The applied project “GANHA—Sustainable management of Acacia spp. (POSEUR-03-2215-FC-000052)” focused on the integration of different techniques to control Acacia species, such as A. longifolia, in Portuguese Natura 2000 sites and protected areas. The added value of this project results from 1) the selection of effective control techniques considering the characteristics of A. longifolia; 2) persistence of follow-up treatments, avoiding the single-cut approach that often results in reinvasion; 3) use of the biocontrol agent Trichilogaster acaciaelongifoliae in reducing seed production; and 4) the promotion of a close collaboration between the operational staff, managers, and academics in an adaptive management approach. The project aimed a reduction of 70% of A. longifolia over 4 years and included management-focused research in monitoring IAPs initial and follow-up control treatments (Kettenring and Adams, 2011; Foxcroft et al., 2017). Therefore, this work reports findings arising from an applied IAPs management approach, which combined landowners' aims, interests, and decisions with their limitations, instead of a standard scientific experimental design.
The general aim of this study is to evaluate the efficacy of different control methods of A. longifolia in forest plantations with distinct production and management priorities in two Natura 2000 sites in Portugal. For this, different treatments were used to remove A. longifolia in order to assess its recovery during 4 years. In this applied study, our specific aims were 1) to compare the effectiveness of different treatments in reducing A. longifolia cover; 2) to determine the dimension and viability of the A. longifolia seed bank and the extent of its reduction due to follow-up controls and past management; and 3) to evaluate plant recovery, such as natives, after initial and follow-up controls, to assess the effectiveness of the number of follow-up controls. We hypothesize that 1) the combination of different methods to control A. longifolia reduces its cover and promotes the recovery of native vegetation; 2) areas with extensive A. longifolia seed banks are more reinvaded than areas with smaller seed banks; and 3) follow-up treatments reduce the recovery of A. longifolia.
2 Materials and methods
2.1 Study area
This study took place in forest plantations on coastal dunes in two Natura 20001 sites: PTCON0055—Dunas de Mira, Gândara e Gafanhas (Vagos Dunes Forest Perimeter, hereafter the Vagos dunes) and PTCON0034—Comporta/Galé (hereafter the Monte Feio) between 2017 and 2021 (Figure 1).
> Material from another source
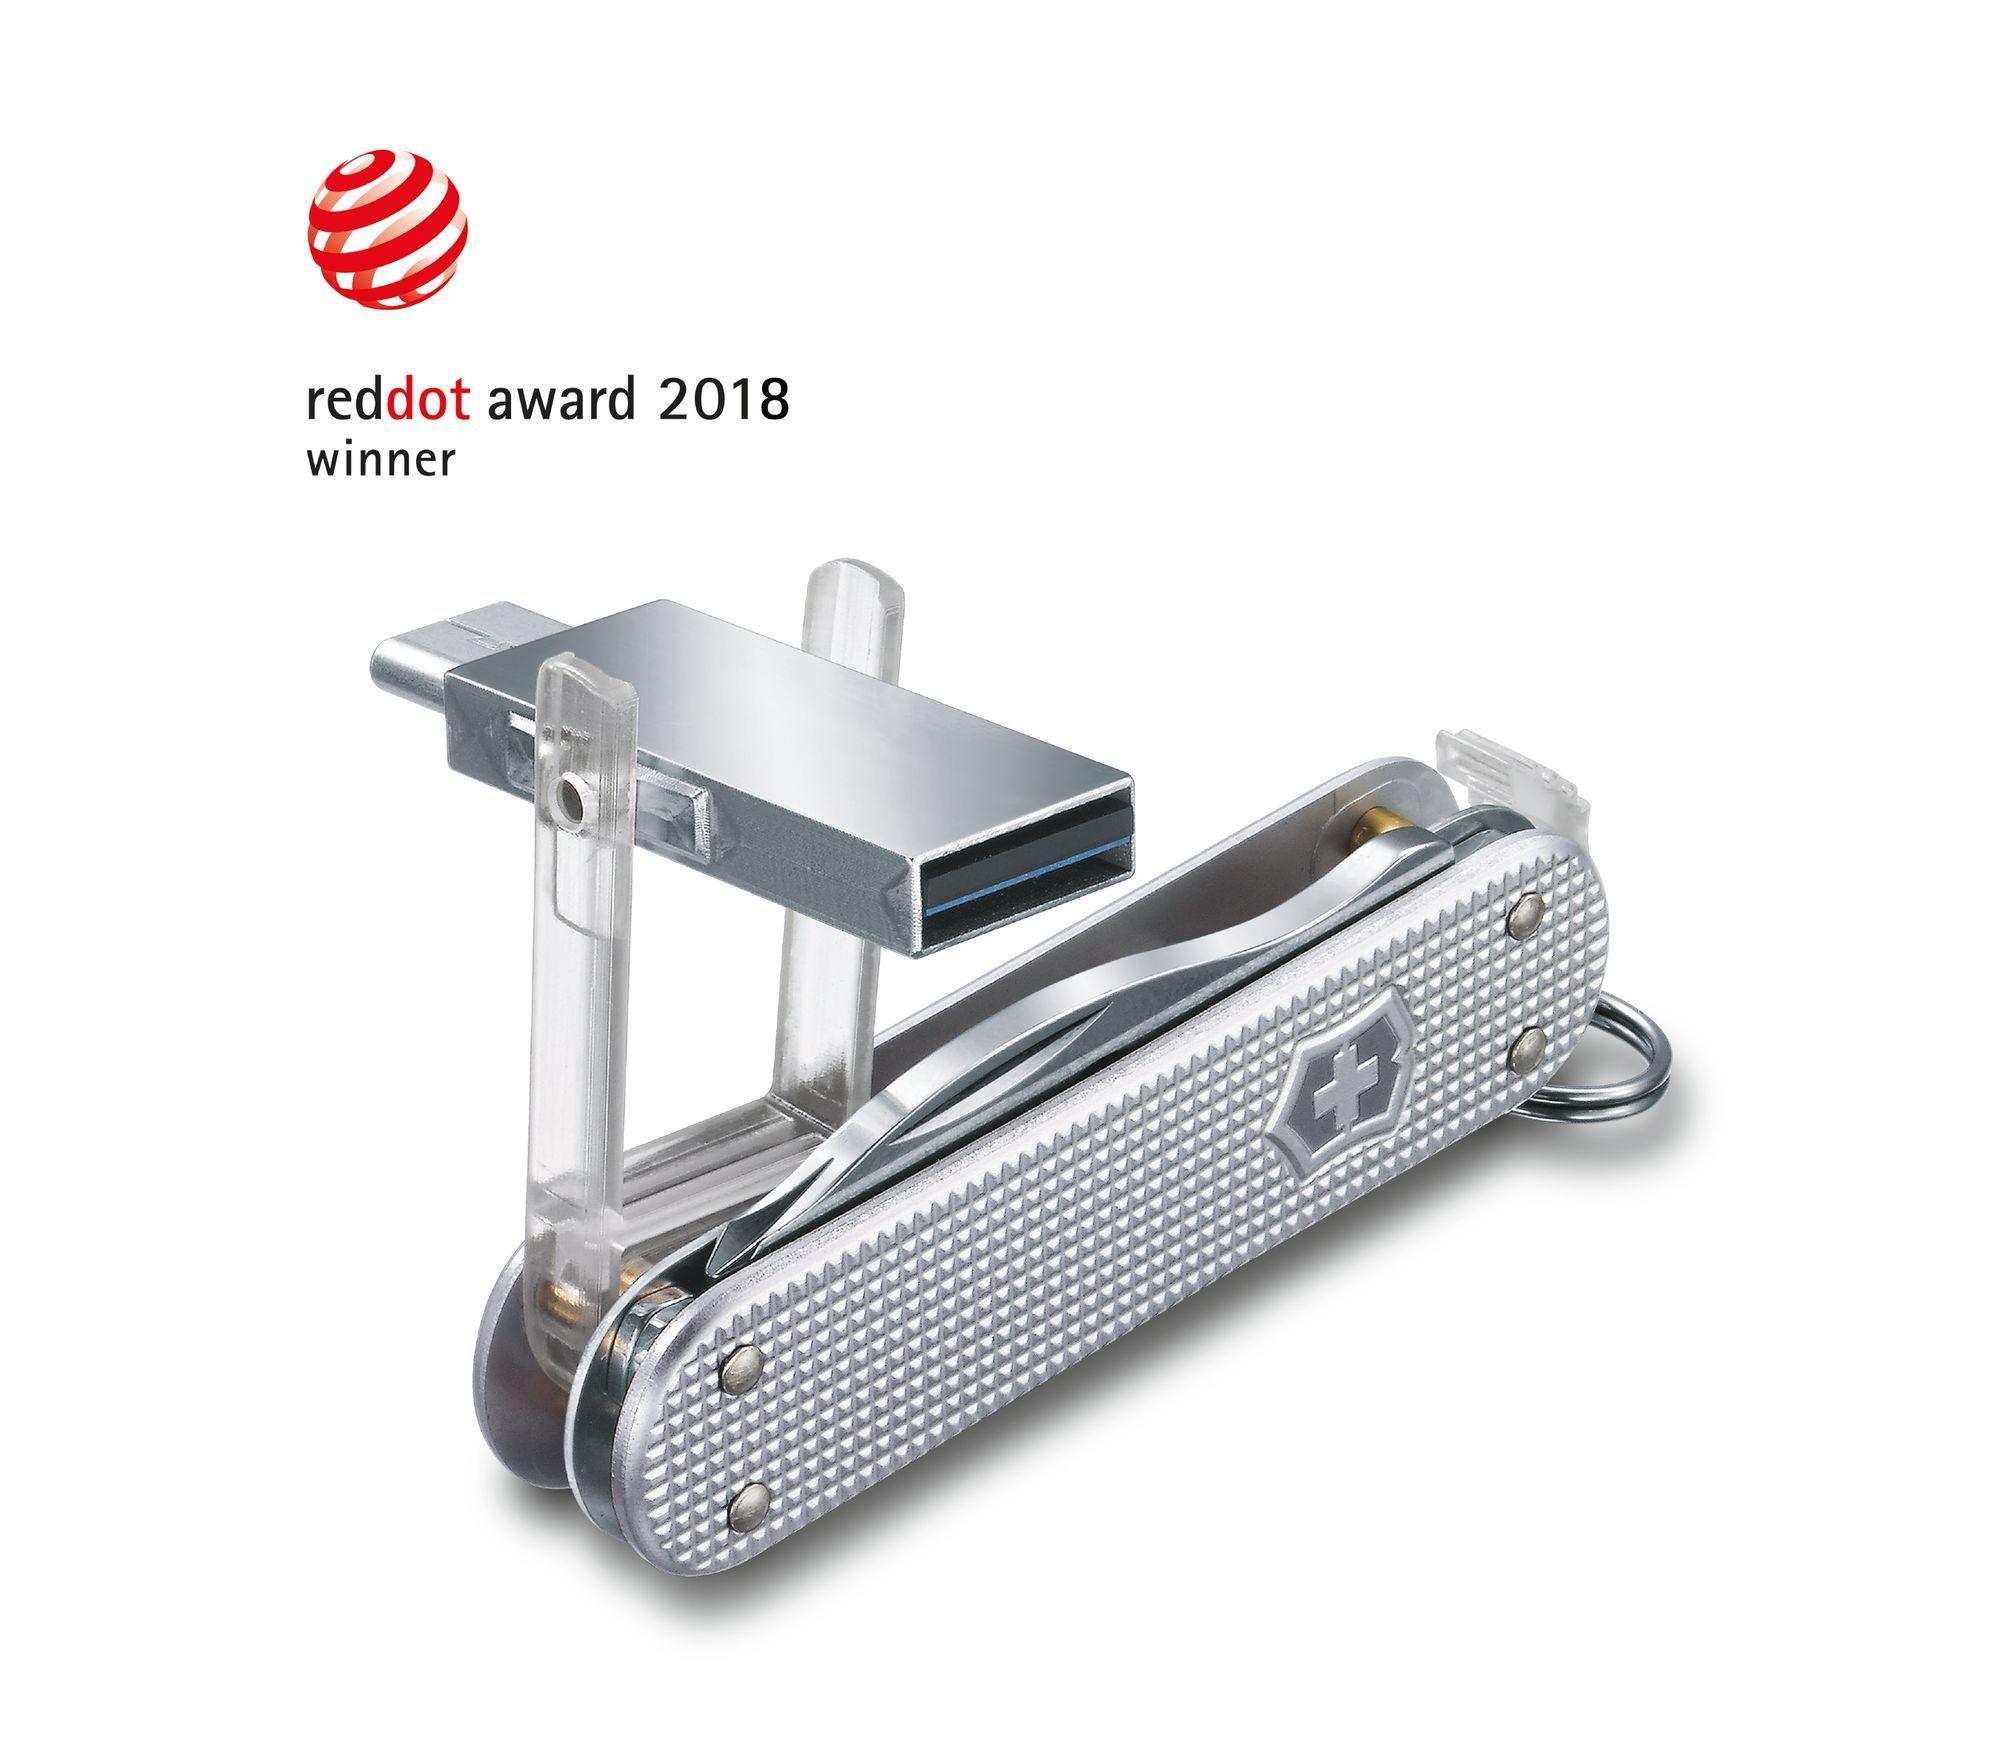 Нож-брелок Victorinox с USB-модулем Jetsetter@work (4.6261.26G16B1) 58 мм. в сложенном виде, 6 функций - Wenger-Victorinox.Ru

The climate is Mediterranean with warm summers (Csb) in the north and hot summers (Csa) in the south (Beck et al., 2018).
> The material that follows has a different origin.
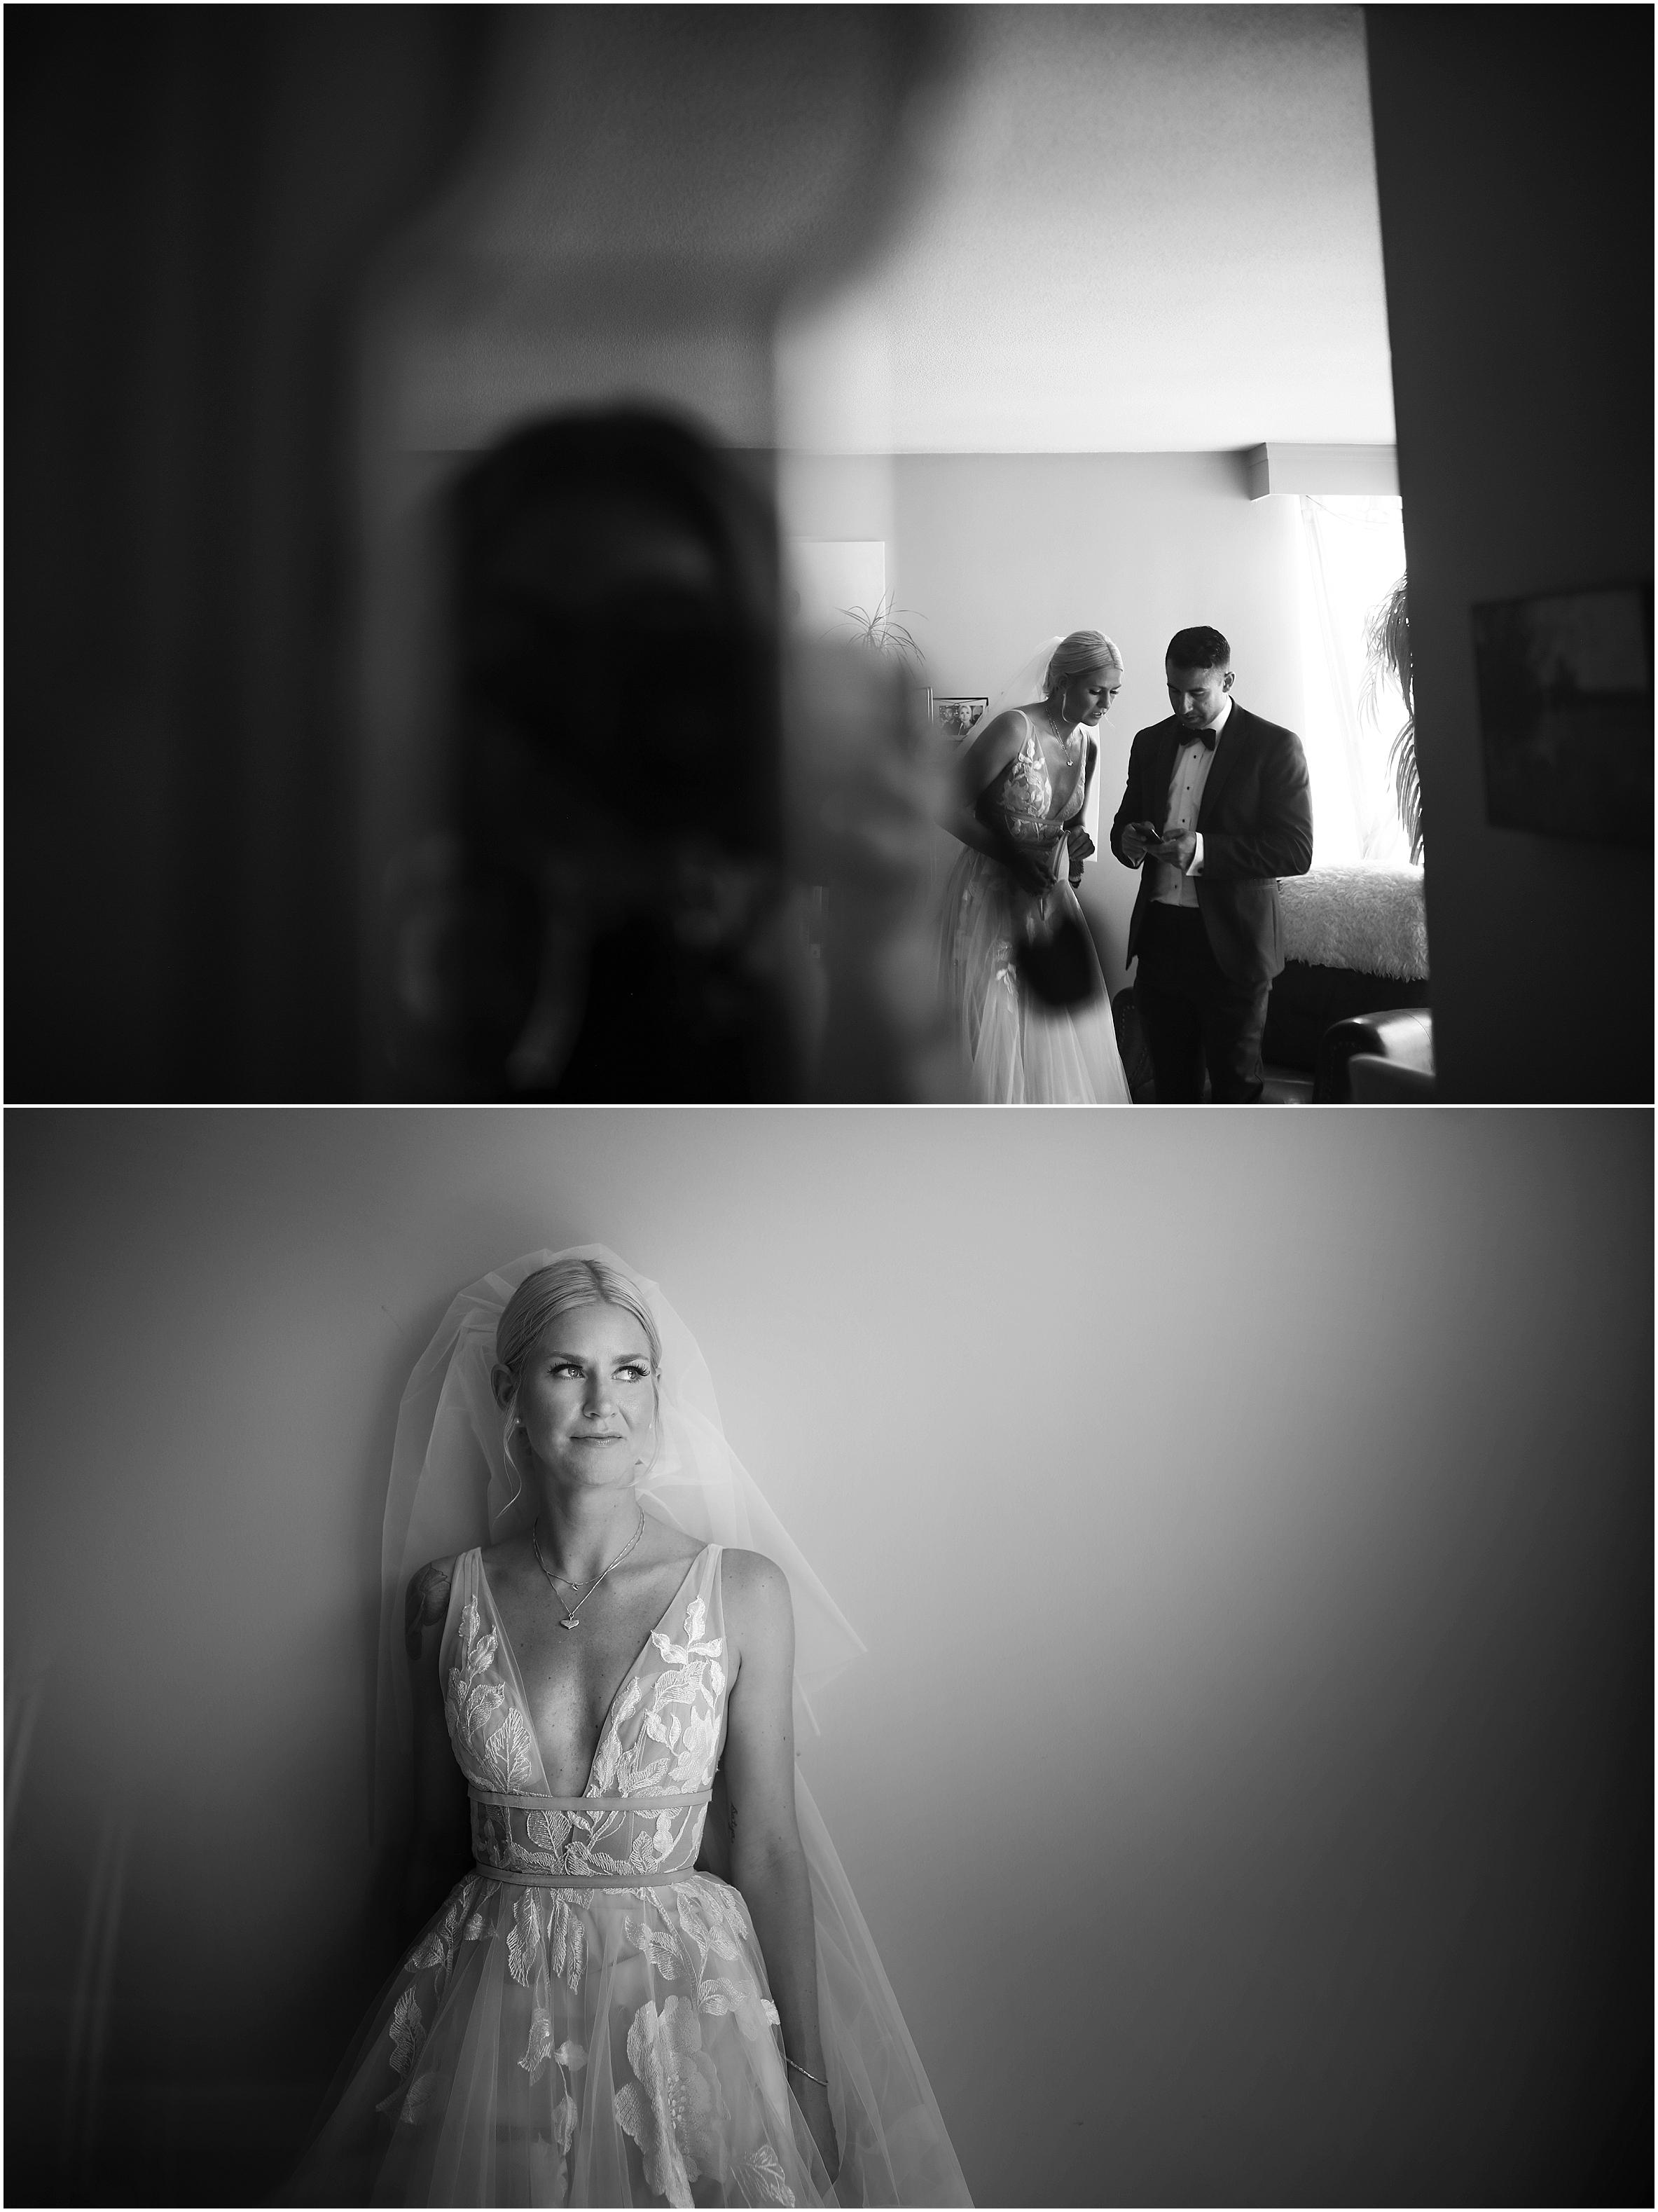 vancouver-wedding-photographer-the-loft-earls-yaletown_0006.jpg

FIGURE 1. Location of the study and Natura 2000 selected sites in Portugal. Vagos dunes is a maritime pine forest (Pinus pinaster) managed by the public forest services, while Monte Feio is a private property where blue gum (Eucalyptus globulus) is planted for industrial forestry. Both areas are classified in Natura 2000 sites (PTCON0055 and PTCON0034) and are invaded by Acacia longifolia.
Vagos dunes (40.535906, −8.742057) host a maritime pine forest of Pinus pinaster (habitat 2270*) (Faulks, 2007). This native species was sown along with native shrubs and A. longifolia from 1929 to 1935 to curb the movement of sands (Plano de Povoamento Florestal, 1940). A. longifolia has become invasive replacing several protected psammophilous species and protected habitats (namely, 2150*, 2170, 2190, and 2260, whose characteristic species are Ulex europaeus subsp. latebracteatus, Salix arenaria, Scirpoides holoschoenus, and Stauracanthus genistoides, respectively) and threatening the pine habitat 2270* (dominated by Pinus pinaster). This area is managed by the public forest services prioritizing protection, conservation, and leisure, with sporadic actions for resin extraction and IAPs management. Maritime pine is a part of the native habitats to be conserved, coexisting with other protected habitats. Vagos dunes are one of the few pine forests in littoral dunes spared by the recent wildfires of 2017 in Portugal (ICNF, 2019).
Monte Feio at Sines (37.998038, −8.838421) is a private property, since 2000, where blue gum (Eucalyptus globulus Labill., an Australian species) was planted for industrial forestry, with regular IAPs management actions. Although there are conserved habitats in about one-third of the Monte Feio property (justifying the Natura 2000 classification), in the study area, the blue gum plantation is managed for pulp not focusing on the conservation of the native vegetation. In the plantation area, native species co-occur but are sporadic. A. longifolia in this site is both a nuisance to production goals and a threat to the remaining native dune plants and several Natura 2000 habitats (e.g., 2130*, 2150*, 2250, and 2330, whose characteristic species are Thymus carnosus, Ulex australis subsp. welwitschianus, Juniperus turbinata, and Corynephorus canescens var. maritimus, respectively). The management of the IAPs at both sites aims at not only protecting the classified habitats but also reducing fire risks and increasing blue gum production at Monte Feio.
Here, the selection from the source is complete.